At the time, Russia’s lobbying to lift oil sanctions against Iraq made a certain kind of sense. Saddam Hussein’s regime owed Russia billions and Moscow was hoping to get it back. Now it turns out there was much more to Russia’s agitating on behalf of Iraq in the United Nations. Saddam was bribing key Russian officials with cut-rate oil allocations.

And that, in turn, was pretty good reason for Russia to try to block the U.S.-led invasion: If Saddam’s regime fell, the world would find out about the bribes. And now it has, thanks to a probe by a Senate subcommittee.

From 1996 to 2003, the life of the world agency’s oil-for-food program, Saddam handed out oil allocations to senior Russian officials close to President Vladimir Putin, including his former chief of staff; political parties, including Putin’s own; and politicians like zany ultranationalist Vladimir Zhirinovsky. Even a government council of presidential advisers came in for $16 million in allocations.

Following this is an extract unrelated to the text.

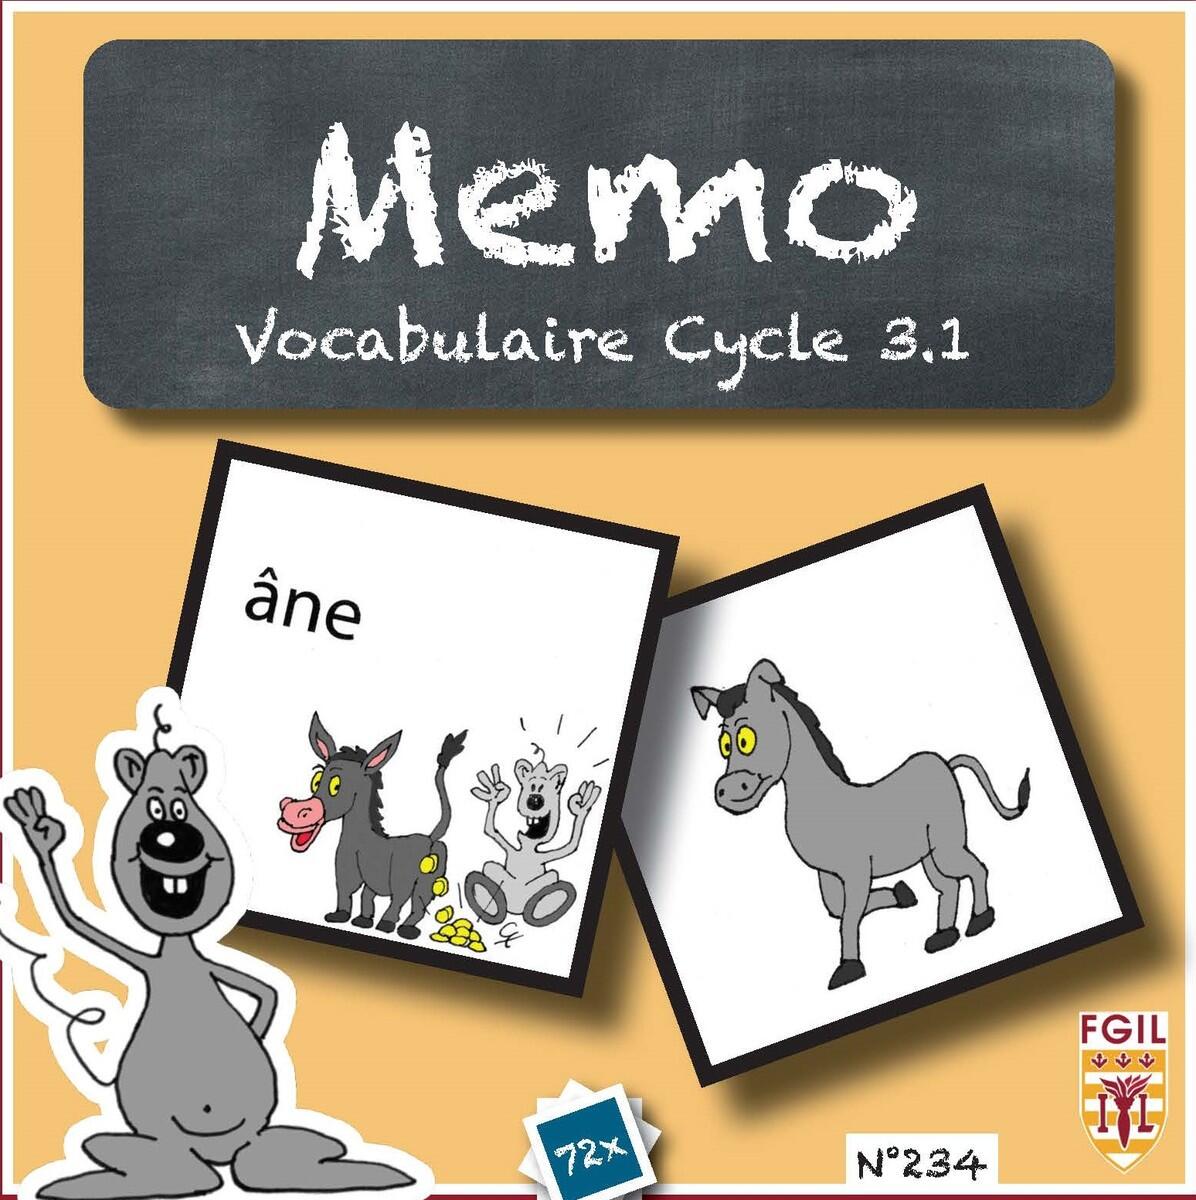 234: Memo Vocabulaire Cycle 3.1

Saddam allowed those favored to buy the allocations at a steep discount. They could be sold at a fat profit and still leave room for a generous kickback to Saddam, who siphoned off $2 billion from the oil-for-food deal. According to the Senate report, Russians accounted for more than 30 percent of the allocations.

Instead of spending the money on food, medicine and other humanitarian assistance, the whole point of the program, Saddam spent it on himself and his underlings. Saddam wanted more than good will; he wanted results and generously rewarded the Russians for killing a move in the U.N. Security Council to tighten restrictions on his regime.

And it might have worked had Iraq not been invaded. France and Germany, whose politicians were also rewarded, were joining the clamor to lift sanctions. Meanwhile, another probe headed by former U.S. central banker Paul Volcker, found that the U.N.’s head of the oil-for-food program probably profited from it.

Iraq’s U.N. ambassador, Feisal Amin Istrabadi, told the Washington Post, "There were certainly commercial and political interests involved, and Russia behaved like any other state in looking out for itself." Sadly, that seems to have been the case.